# Soldiers a bargain in 1950



## GAP (6 Jul 2009)

Soldiers a bargain in 1950
By PETER WORTHINGTON Last Updated: 6th July 2009
Article Link

Few things underline how different today's Canadian army, navy and air force are from their counterparts of the past, than the pay scales of 60 years ago. 

Mike Czuboka, vice-president of the Manitoba Korean Veterans Association (KVA) Unit 17, and editor of its Rice Paddy newsletter, has an irreverent sense of humour and an eye for the unusual. 

In the June edition of the newsletter he recalls the basic pay scale of the army in 1950 when he joined the Princess Pats as a private to go to Korea -- a far different pay scale than soldiers today who enlist to go to Afghanistan. 

For example, the private in 1950 who got $90 a month, today would get nearly $2,600 a month -- and that's basic pay, not including years of service raises, or trade, or signing bonuses, or danger pay.
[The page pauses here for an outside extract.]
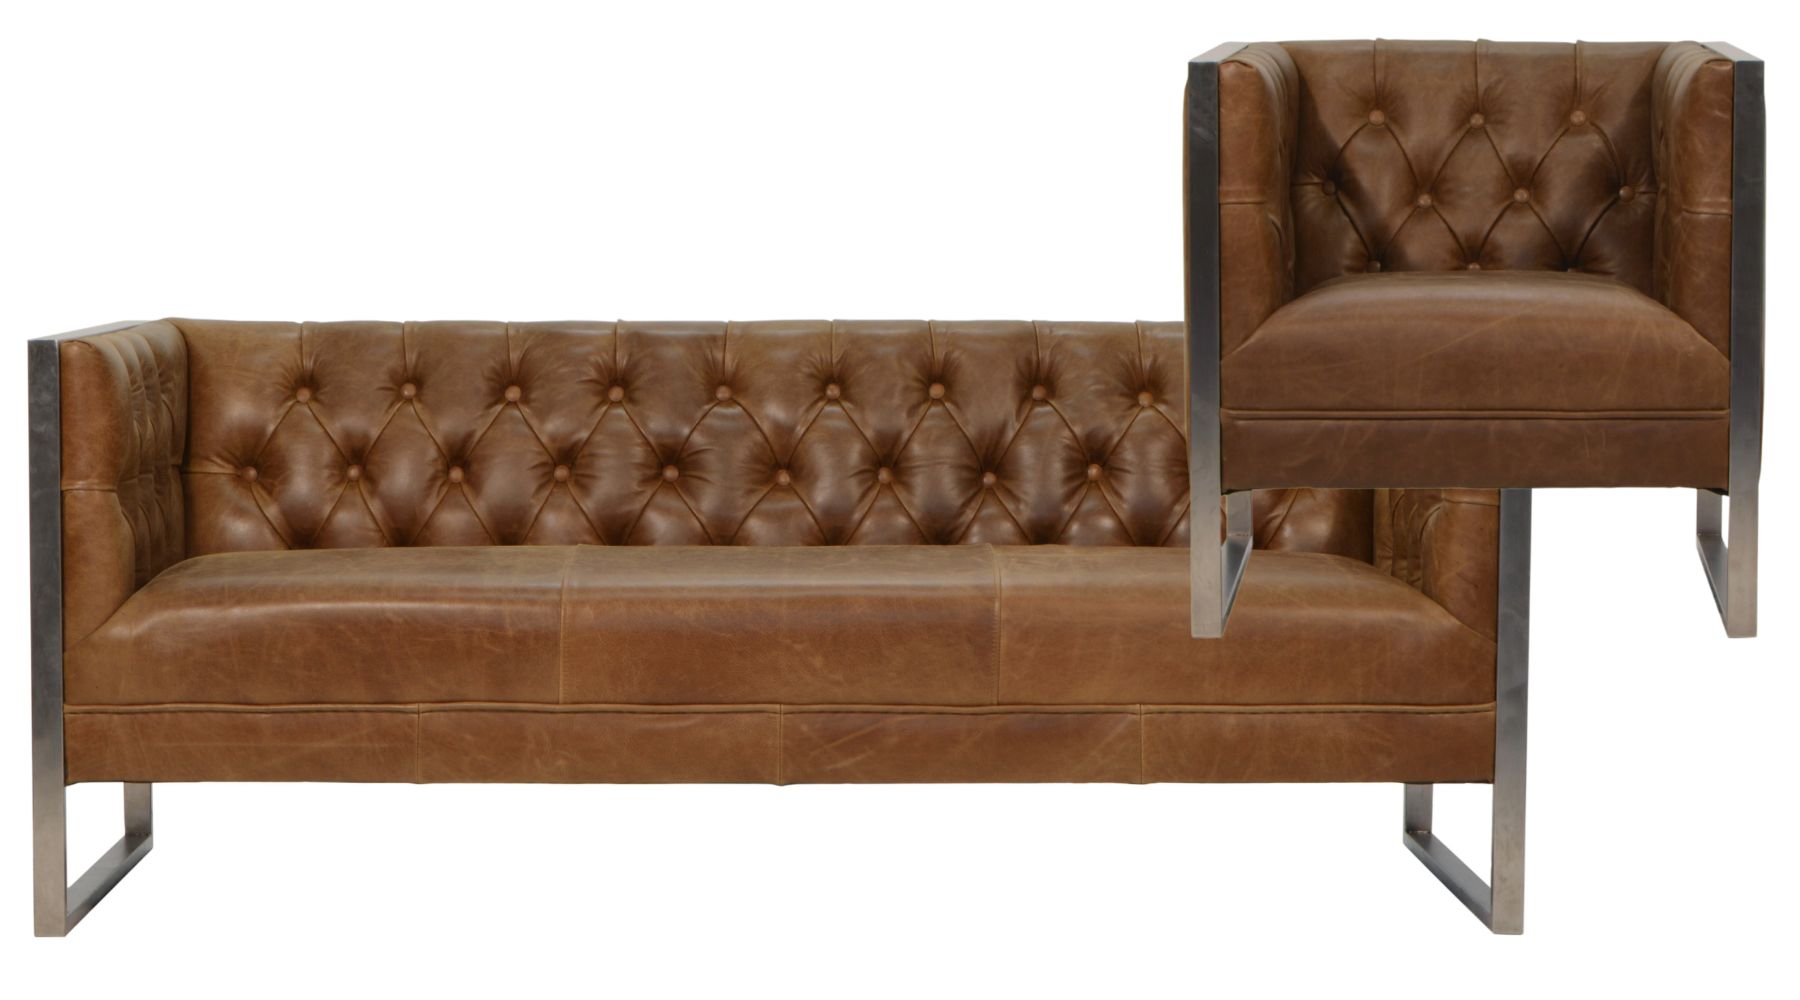 brown leather sofa and leather armchair

In 1950 a major-general got $786 a month -- roughly one-quarter of what a private today draws. 

Here are 1950 monthly basic pay rates itemized in the Rice Paddy, with today's basic monthly pay rates in brackets beside them: Private $90, ($2,585); corporal $103, ($4,345); sergeant $119, ($4,991); 2nd lieutenant $162, ($4,136); lieutenant $195, ($4,507); captain $234, ($5,714); major $312, ($7,727). 

Canadian Forces don't like to advertise pay rates for colonels and above, but in 1950, a lieutenant-colonel's basic monthly pay was $367 for commanding a battalion, with a brigadier drawing $689. Today they'd get $10,000 a month or more. 

Today, army doctors and dentists get a $225,000 bonus if they sign up for four years, $80,000 if it's only two years. 

Perspective 

Czuboka tries to put the 1950 rates into perspective by noting such things as hockey sticks costing $1.98, a vacuum cleaner $19.94, a used car $100. 

Bread cost 10 cents a loaf, gasoline 20 cents a gallon, $2,000 was a good yearly salary. A decent house could be purchased for $10,000. 

(My first newspaper job at the Vancouver Province in 1954 paid $35 a week, or $1,820 a year. I joined the Toronto Telegram in 1956 at $60 a week, or $3,120 a year. My new Nash Metropolitan convertible cost $1,500). 

The newsletter also reprints a curious order issued by the commanding officer of the 2nd Battalion of the Canadian Black Watch that served in Korea after the truce in 1953. 

Col. R.M. Ross was offended at the number of cats that infested the battalion area, most of which, he said, "have grown fat and indolent." 

He ordered that a program be started to "weed out and destroy old and useless cats," and that a "hunter class" of cat be developed "by diet and training for use as a rat exterminating agent." 

Old cats were to be "destroyed ... despatched (sic) out of hand," while others were to be "deliberately starved and set loose at night" to kill rats. When they succeeded, they'd be rewarded. 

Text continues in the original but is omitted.